PROMPT:
Take the line with "Golf balls on" and every line after it, through the end of the listing, and give them again exactly, pictures excluded.

DATA BLOCK:

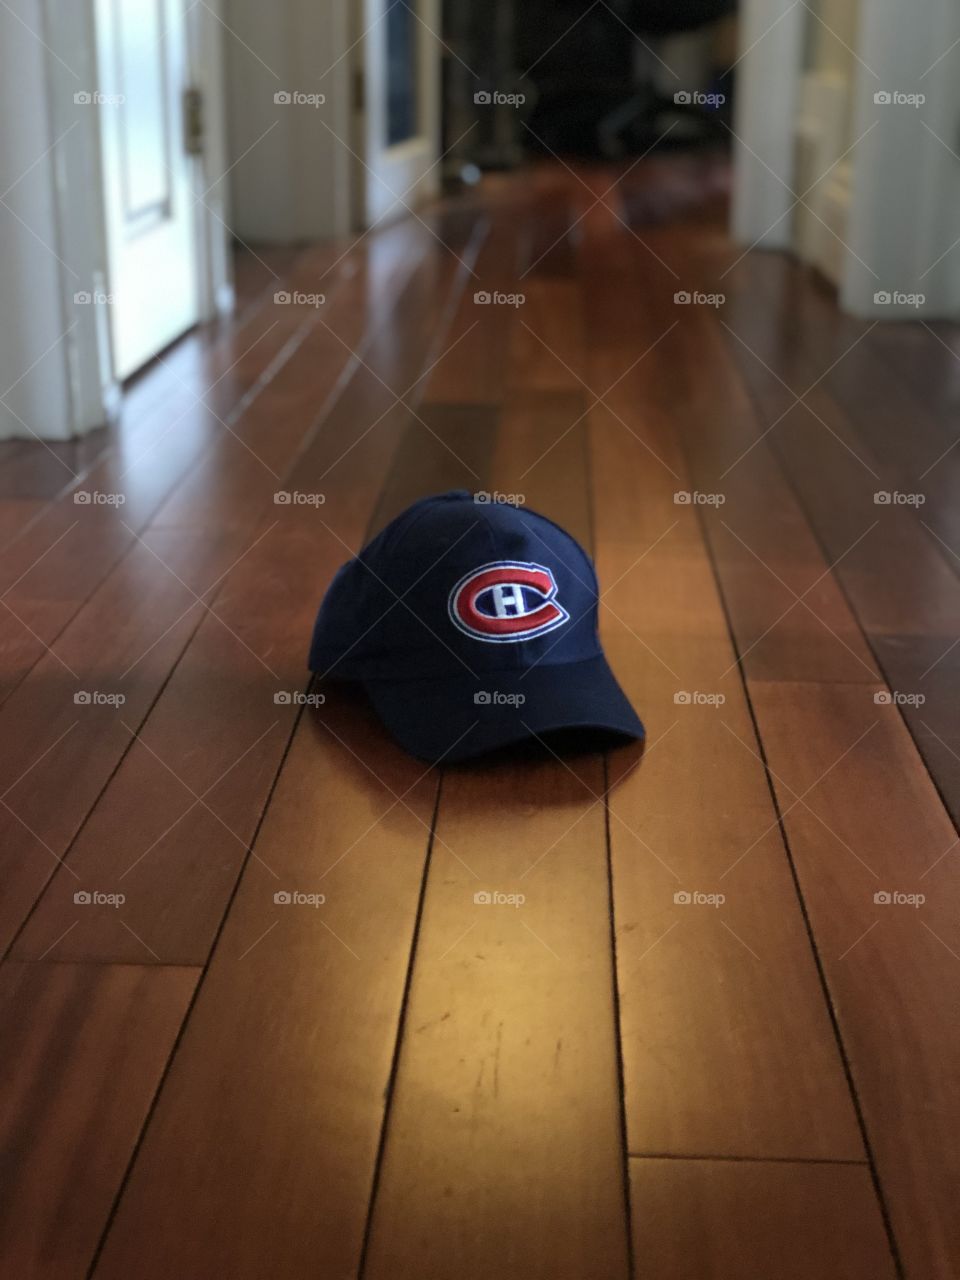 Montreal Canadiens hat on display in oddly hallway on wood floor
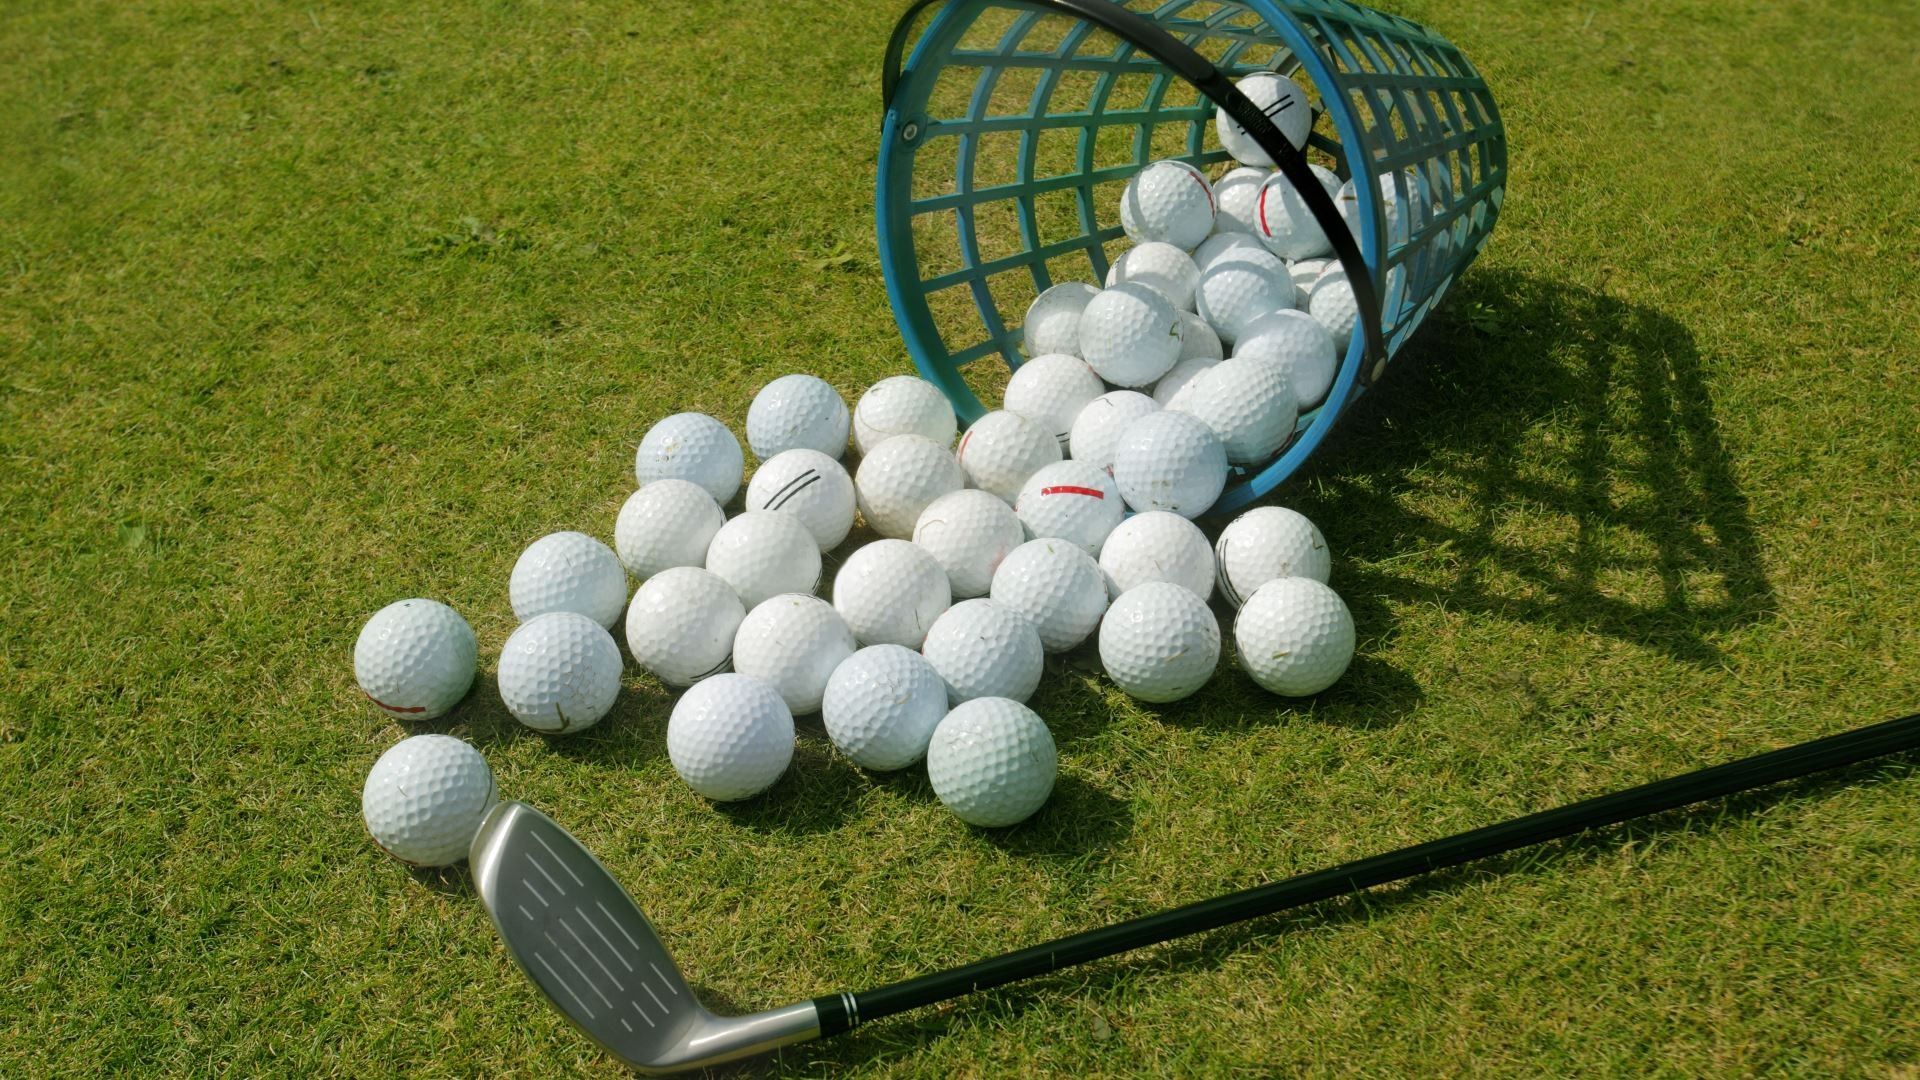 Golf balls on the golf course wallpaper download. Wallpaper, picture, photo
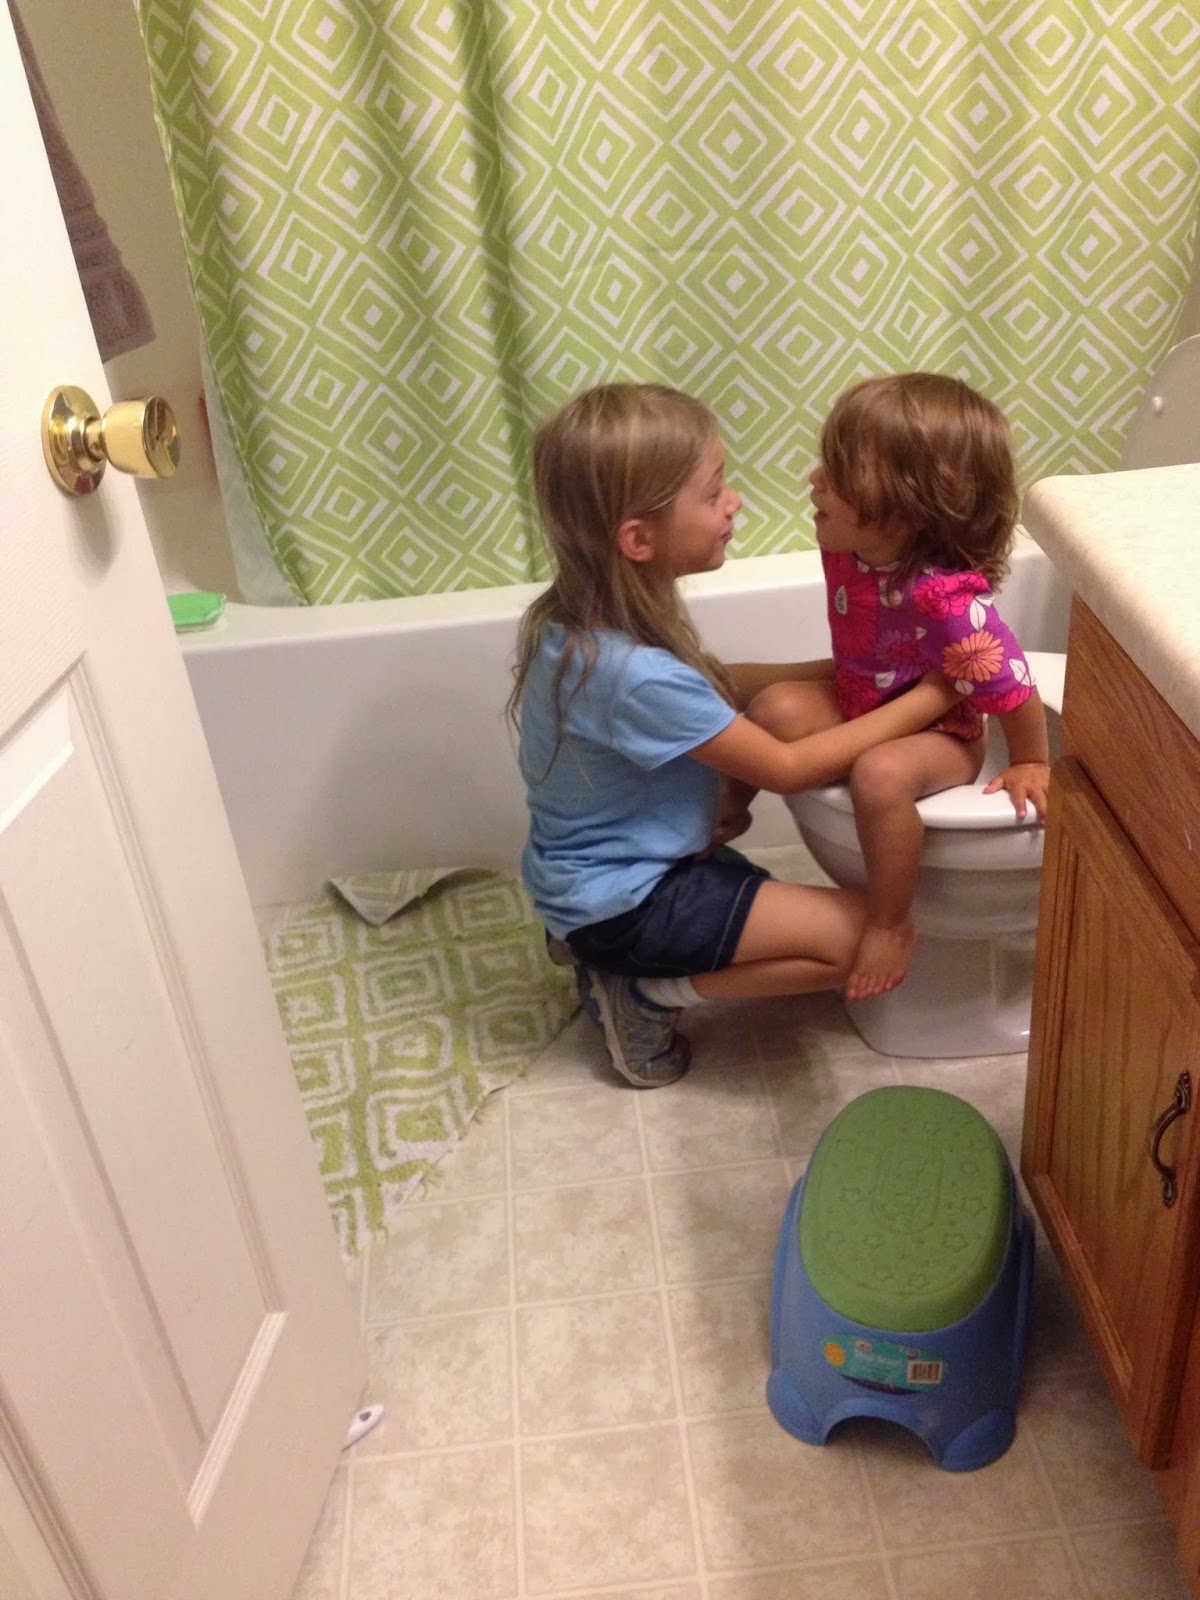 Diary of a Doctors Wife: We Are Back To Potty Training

TASK ANSWER:
 Golf balls on the golf course wallpaper download. Wallpaper, picture, photo
 Diary of a Doctors Wife: We Are Back To Potty Training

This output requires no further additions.